History of Swear Words is an American documentary series hosted by Nicolas Cage. The series was released on January 5, 2021, on Netflix.

Premise
Hosted by Nicolas Cage, the unscripted series explores the History of Swear Words through interviews with experts in etymology, popular culture, history and entertainment, with each episode diving into the origins, usage and cultural impact of specific curse words: fuck, shit, bitch, dick, pussy and damn.

Cast
 Nicolas Cage as Host
 Jess Harnell as Grandpa

Entertainers
 Sarah Silverman
 Nick Offerman
 Nikki Glaser
 Patti Harrison
 Open Mike Eagle
 Joel Kim Booster
 DeRay Davis
 London Hughes
 Jim Jefferies
 Zainab Johnson
 Baron Vaughn
 Isiah Whitlock Jr.

Experts
 Benjamin K. Bergen – Professor of Cognitive science at the University of California, San Diego
 Anne H. Charity Hudley – Linguist, Professor of African-American English at the University of California, Santa Barbara
 Mireille Miller-Young – Professor of Women's studies at the University of California, Santa Barbara
 Elvis Mitchell – Film critic
 Melissa Mohr – Author of Holy Sh*t: A Brief History of Swearing
 Kory Stamper – Author of Word by Word: The Secret Life of Dictionaries, Lexicographer, and former editor for Merriam-Webster

Episodes

Production
On December 9, 2020, it was announced that Nicolas Cage would host an unscripted six-episode series about the history of swear words for Netflix.

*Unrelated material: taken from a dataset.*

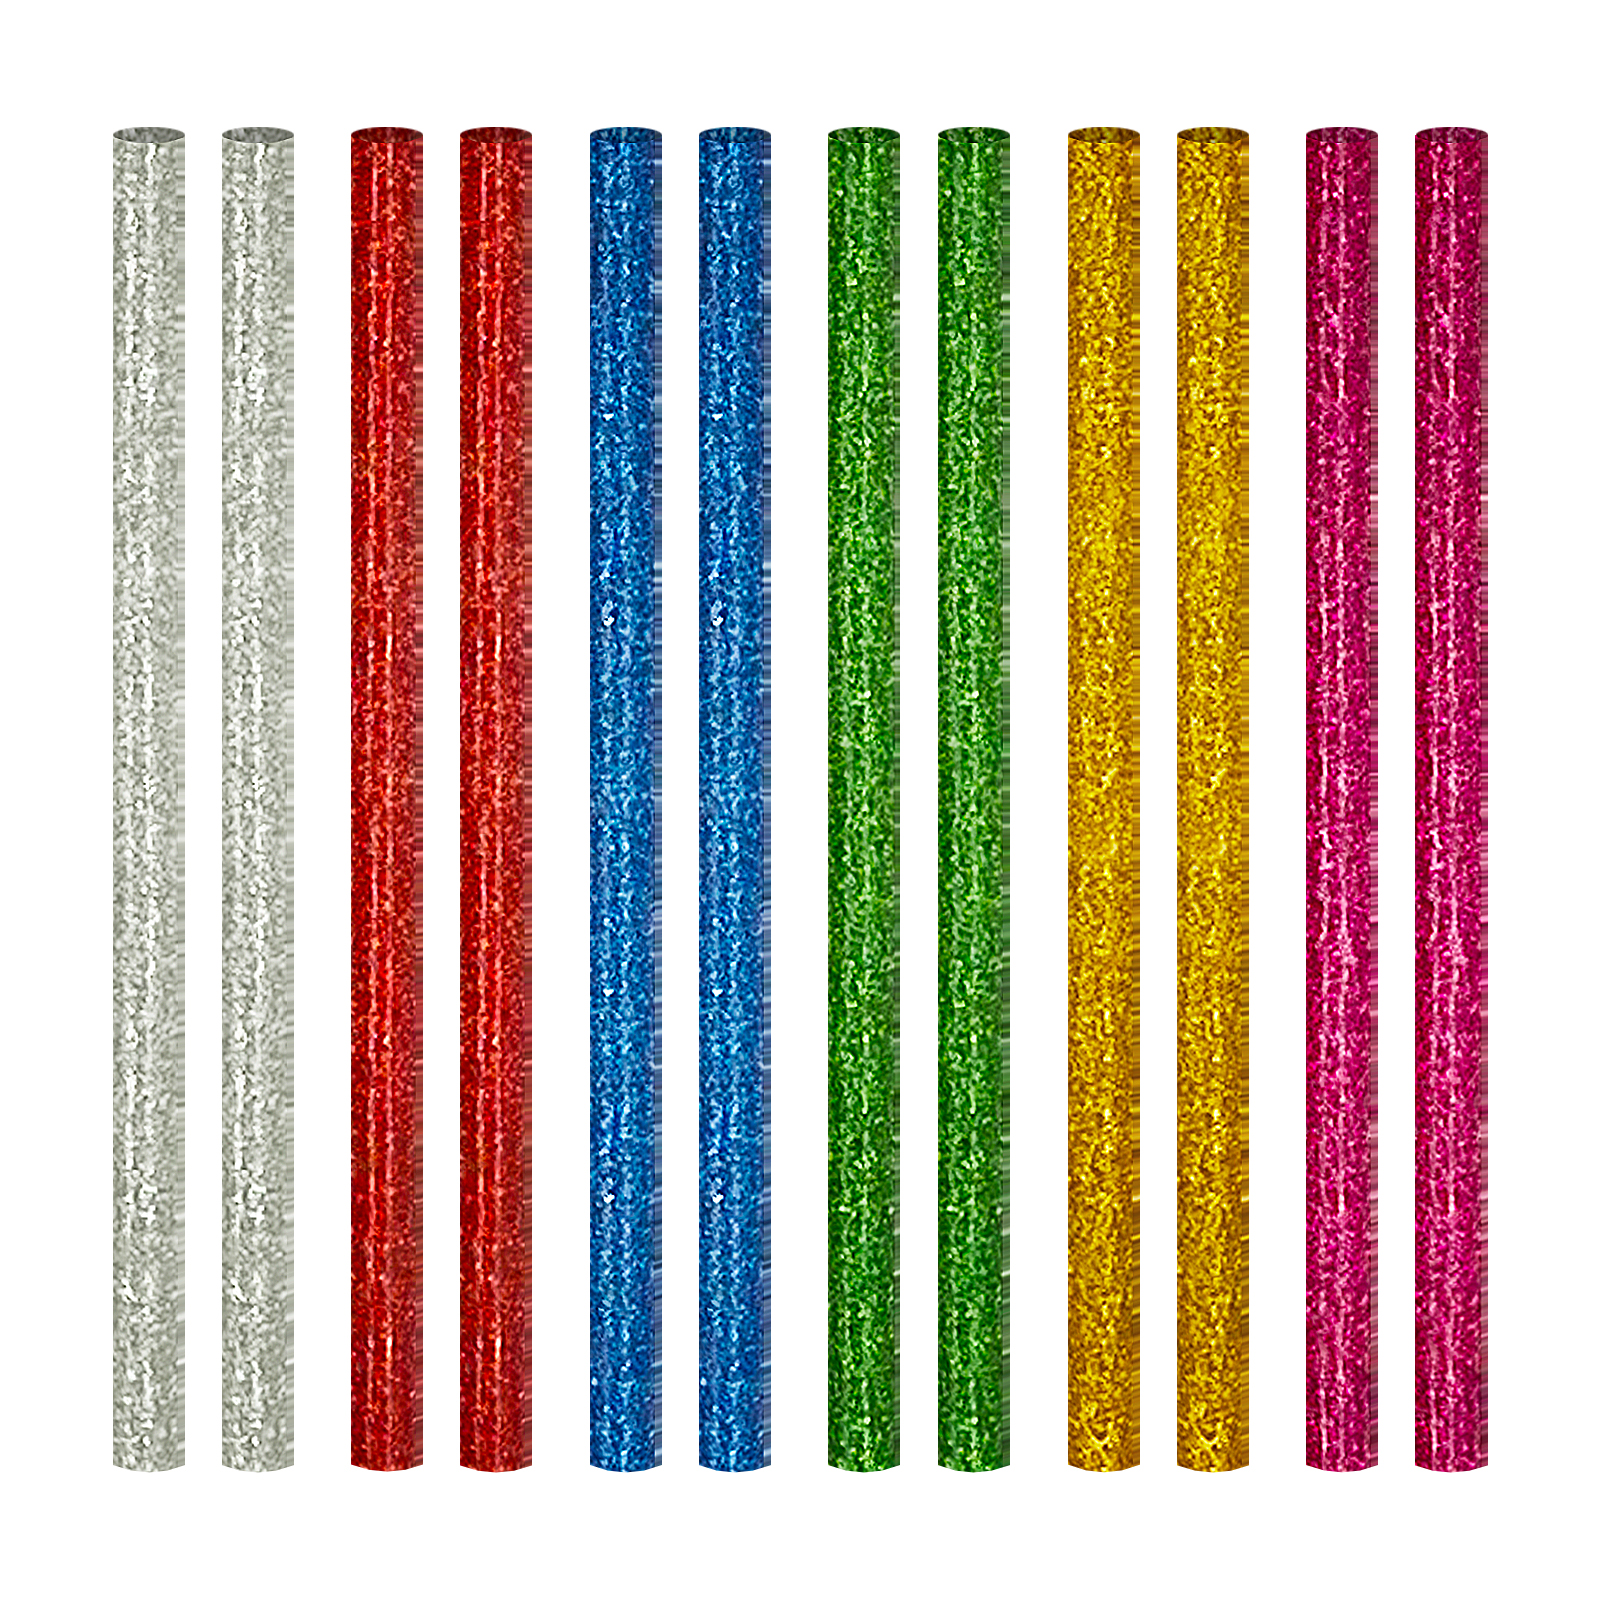 Different Colors Glitter Glue Sticks) Non toxic Washable - Temu Austria

The series has been produced by Bellamie Blackstone, Mike Farah, Joe Farrell, and Beth Belew for Funny or Die, with Brien Meagher and Rhett Bachner for Industrial Media's B17 Entertainment respectively. Blackstone will also serve as the series showrunner.

Reception 
Richard Roeper of Chicago Sun-Times gave the series 3 out of 4 stars and described it as "a cheeky, entertaining and legitimately educational look at the etymology of the most common curse words."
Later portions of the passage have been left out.